Instructions to follow:
Nothing but the text of the listing, repeated exactly, belongs in the answer; leave the images out.

(Beginning of Exercise data)

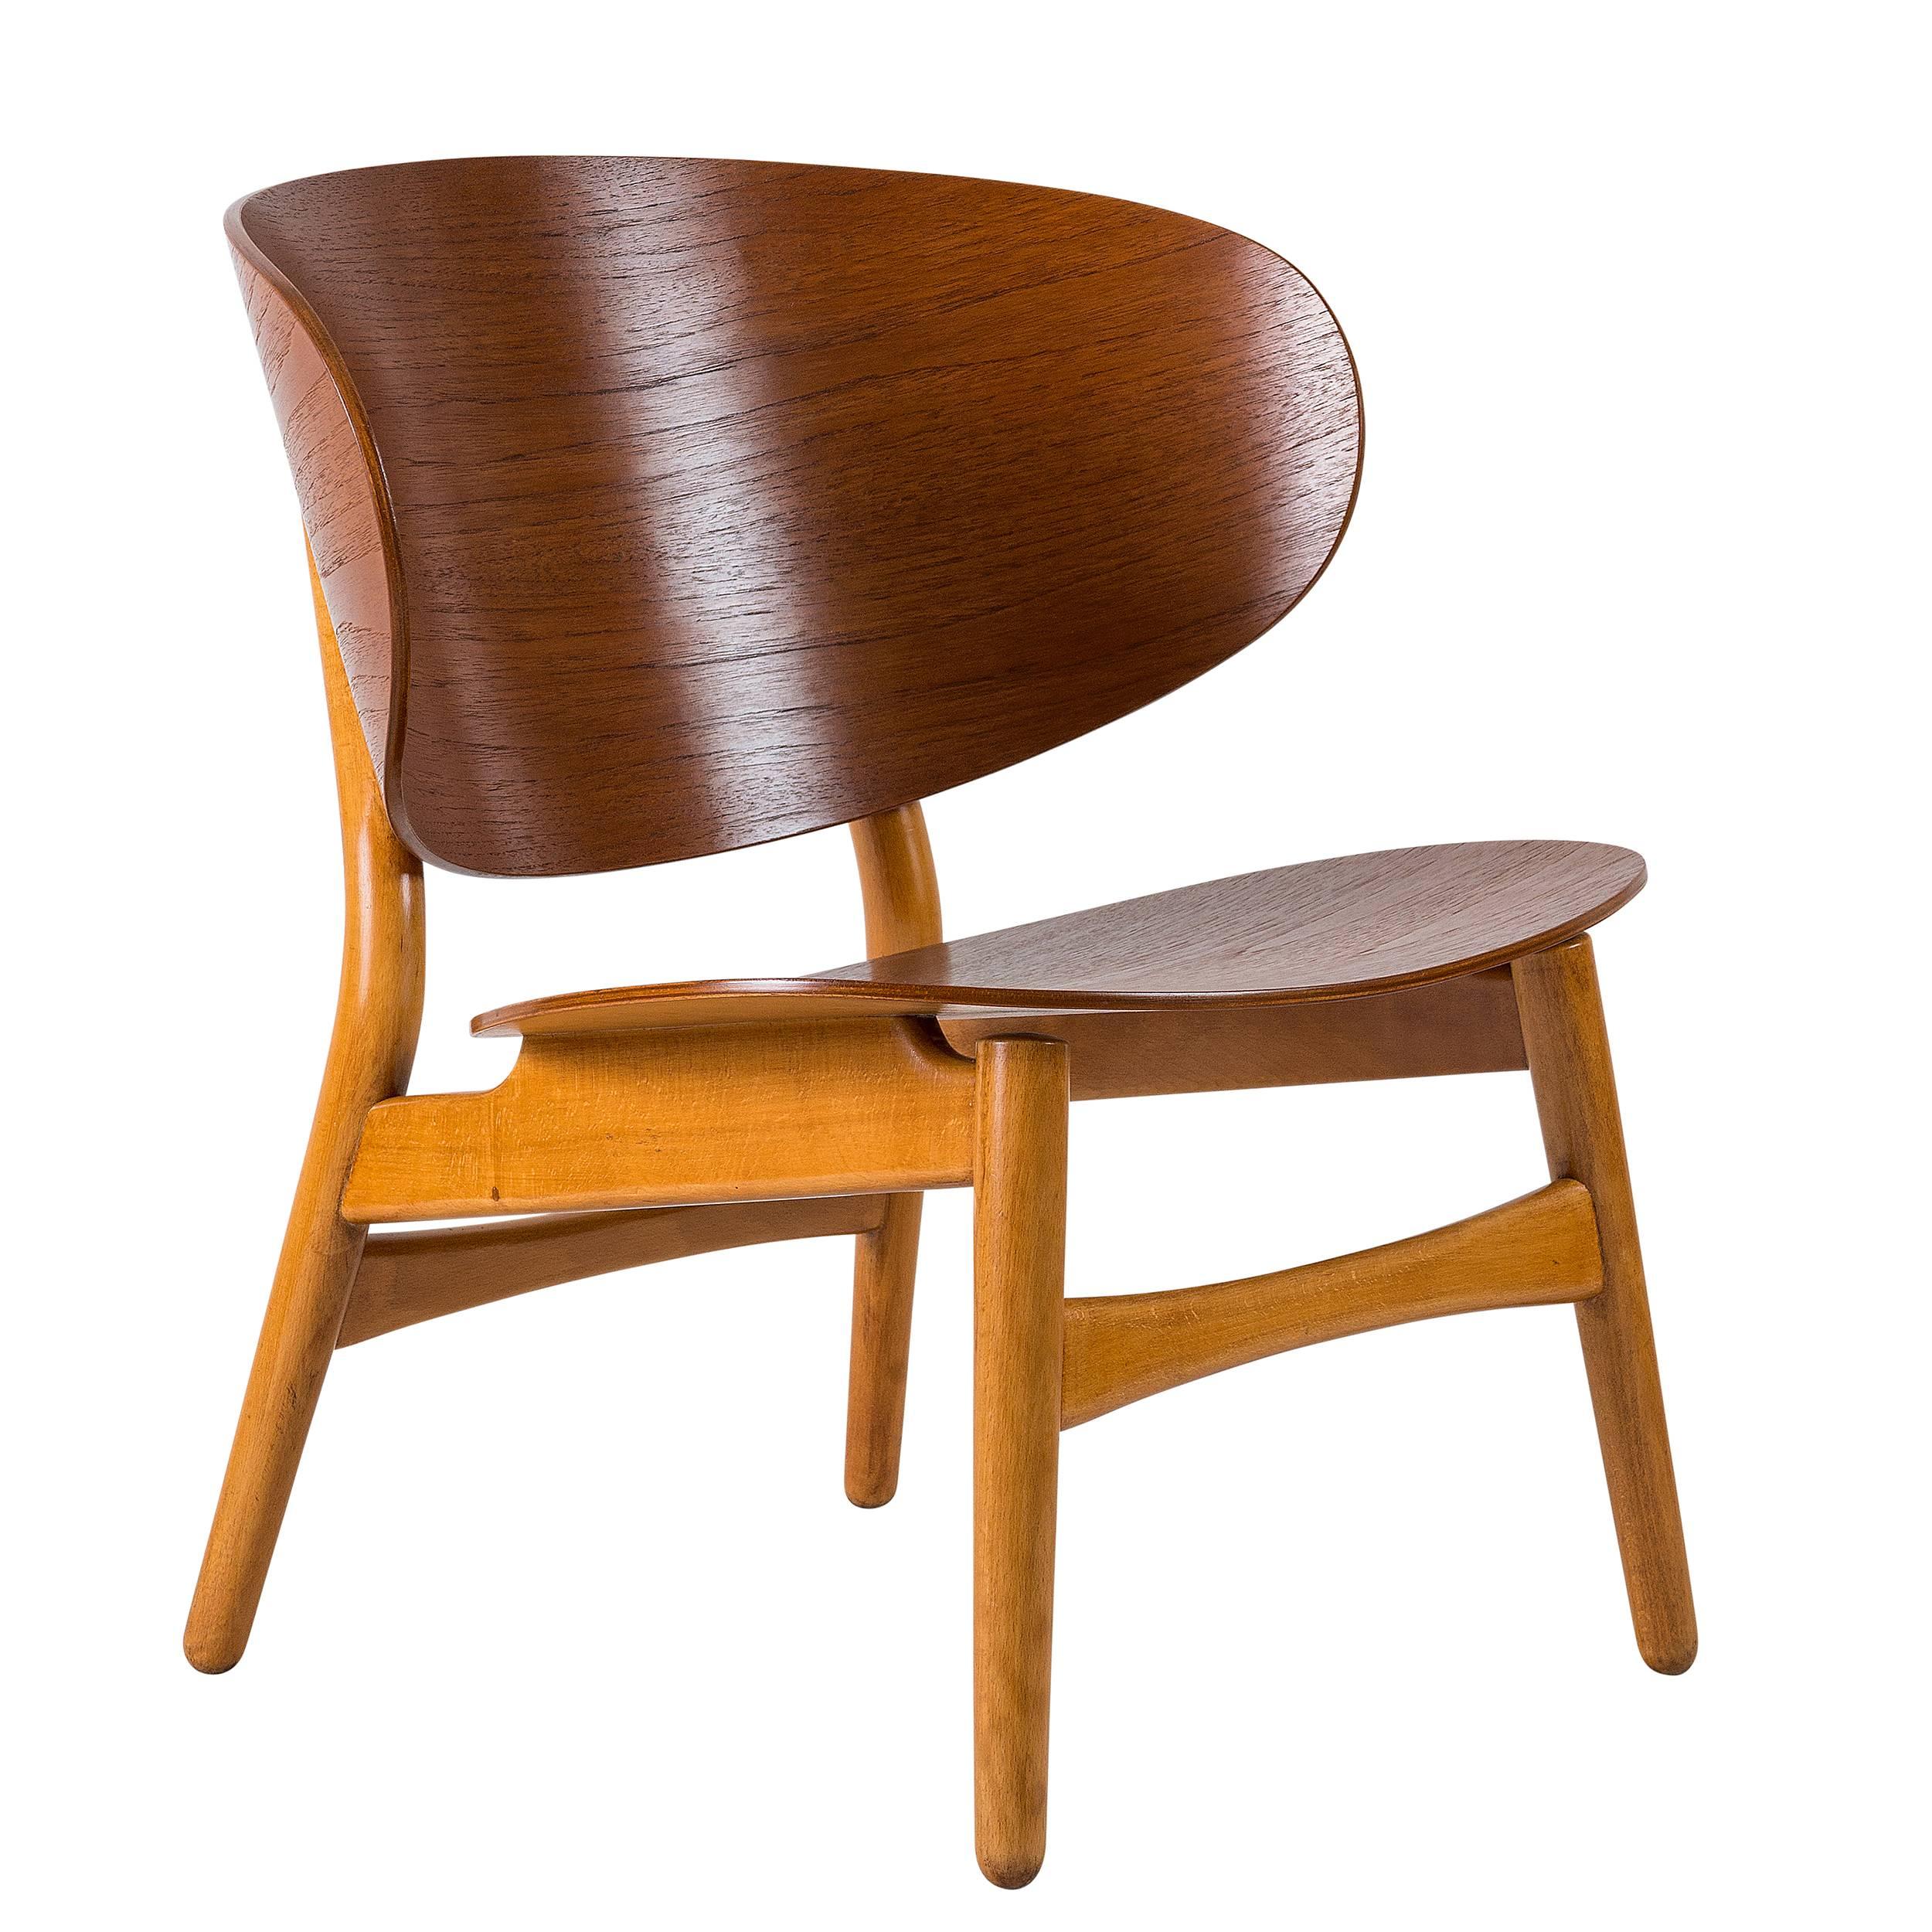 Hans Wegner "Shell" chair designed in 1948 and produced by Fritz Hansen.
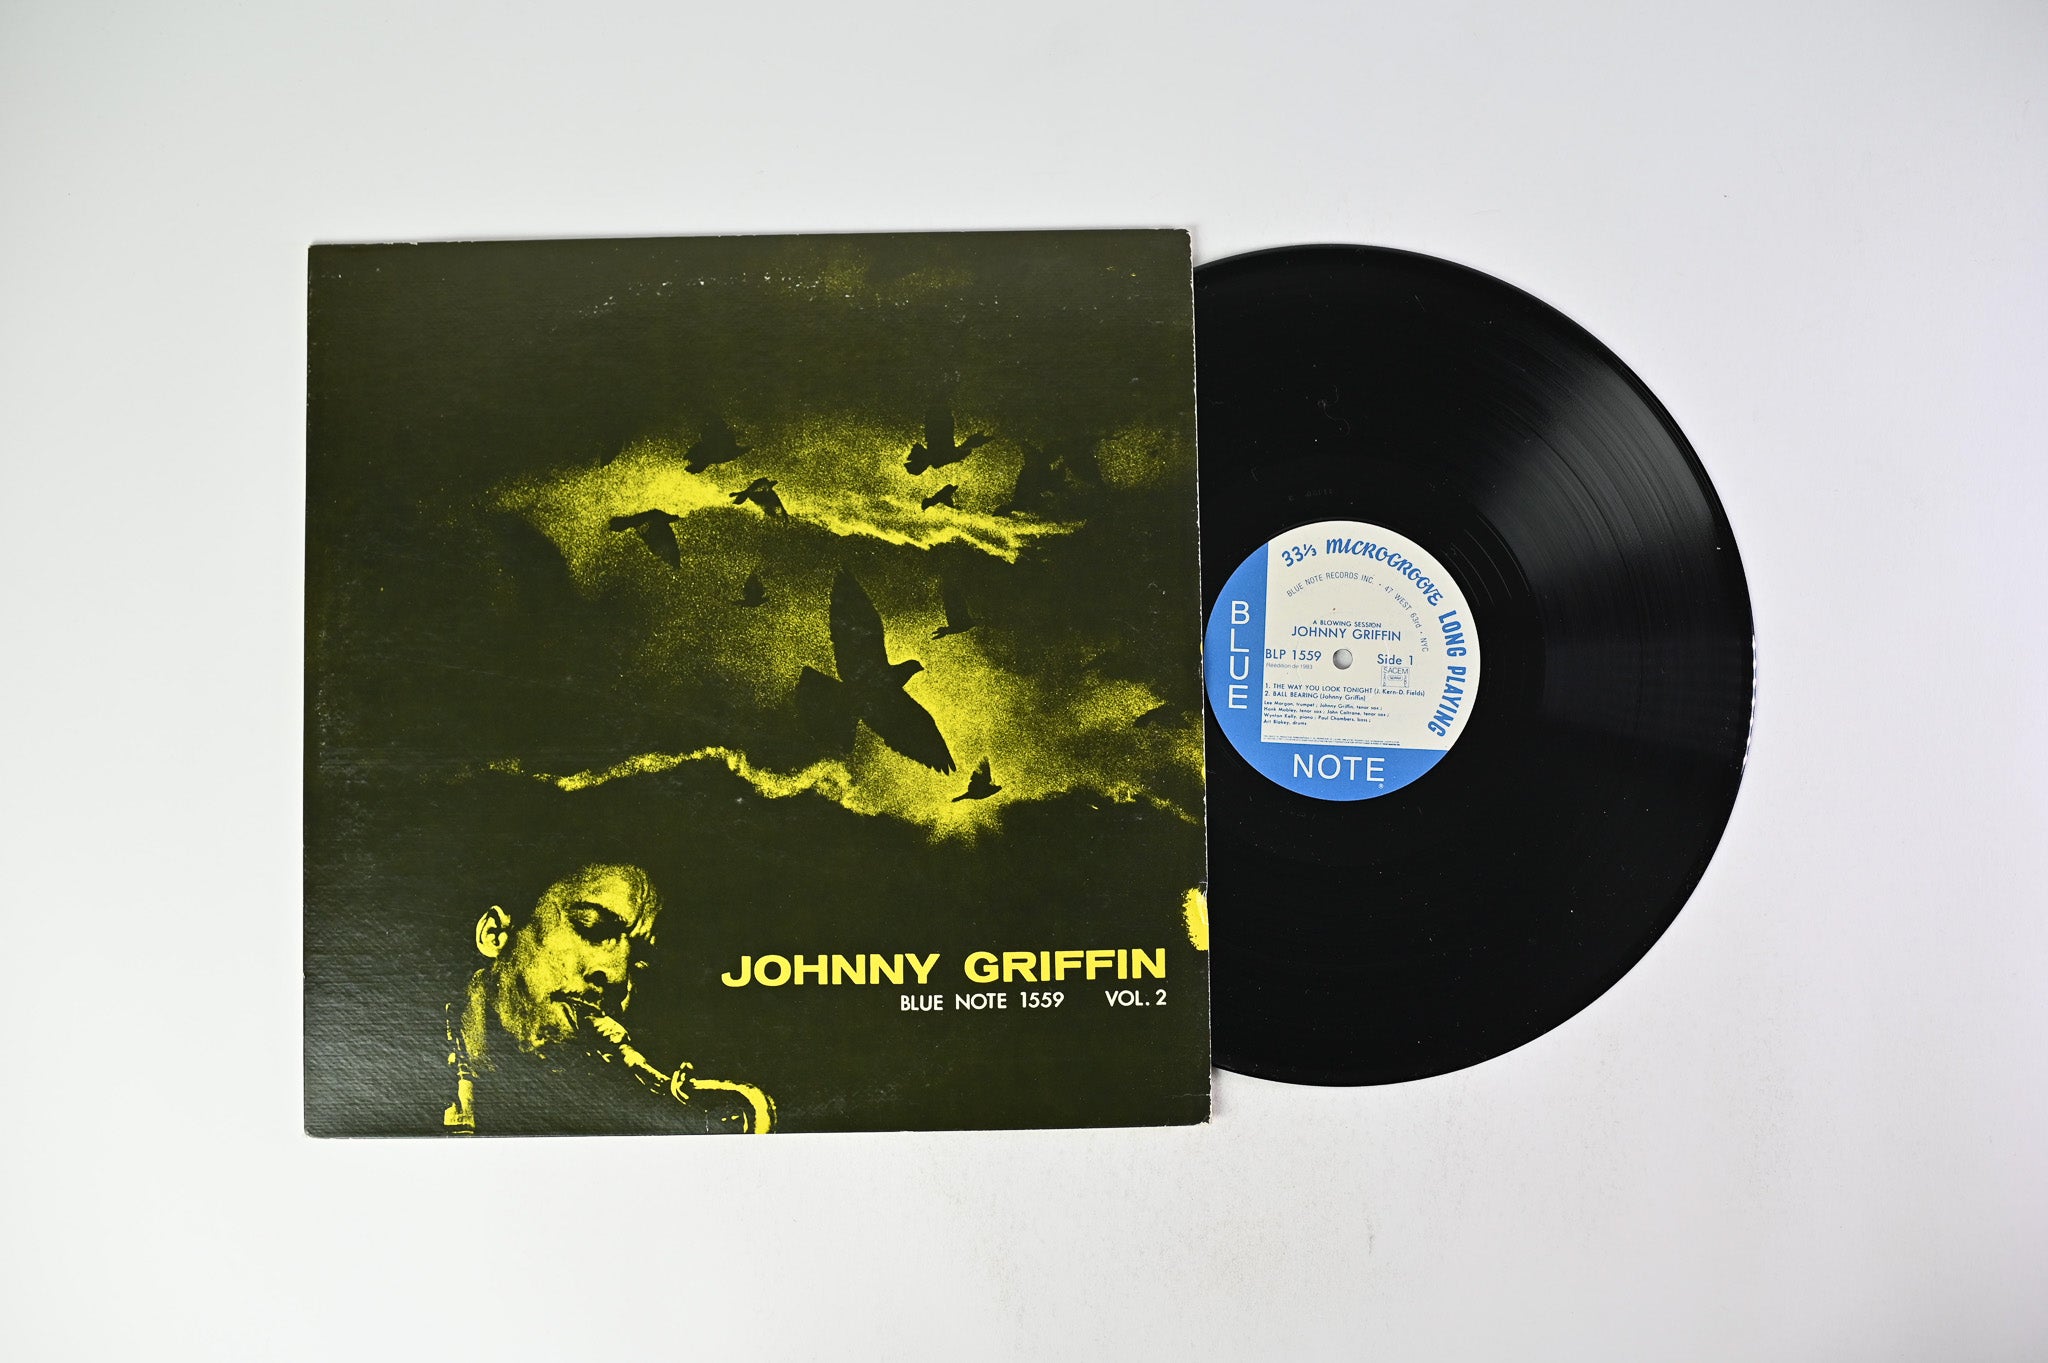 Johnny Griffin - A Blowing Session on Blue Note French Reissue
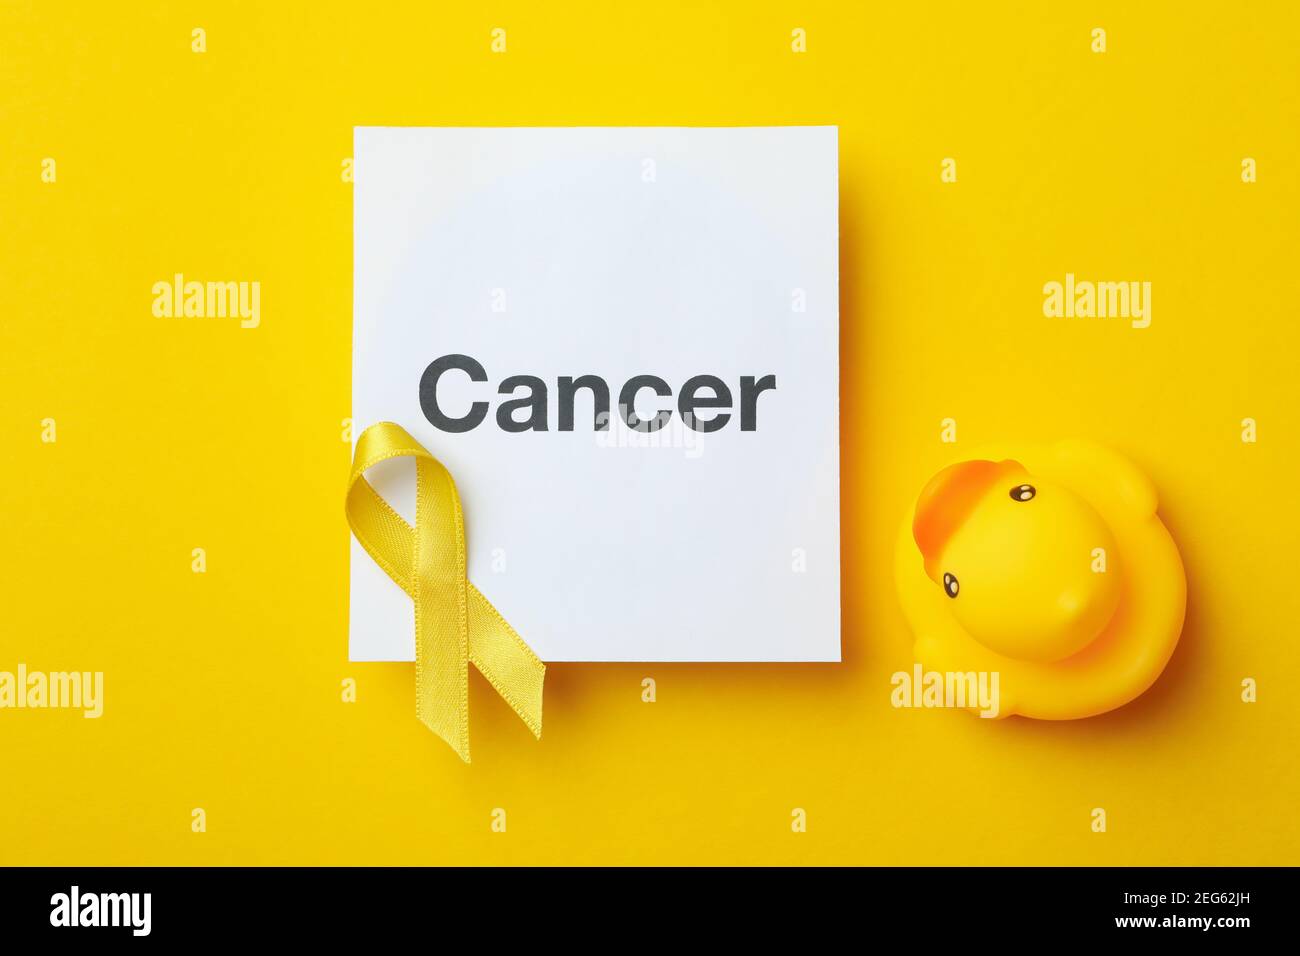 Text cancer, awareness ribbon and rubber duck on yellow background Stock Photo

(End of Exercise data)

Written response:
 Hans Wegner "Shell" chair designed in 1948 and produced by Fritz Hansen.
 Johnny Griffin - A Blowing Session on Blue Note French Reissue
 Text cancer, awareness ribbon and rubber duck on yellow background Stock Photo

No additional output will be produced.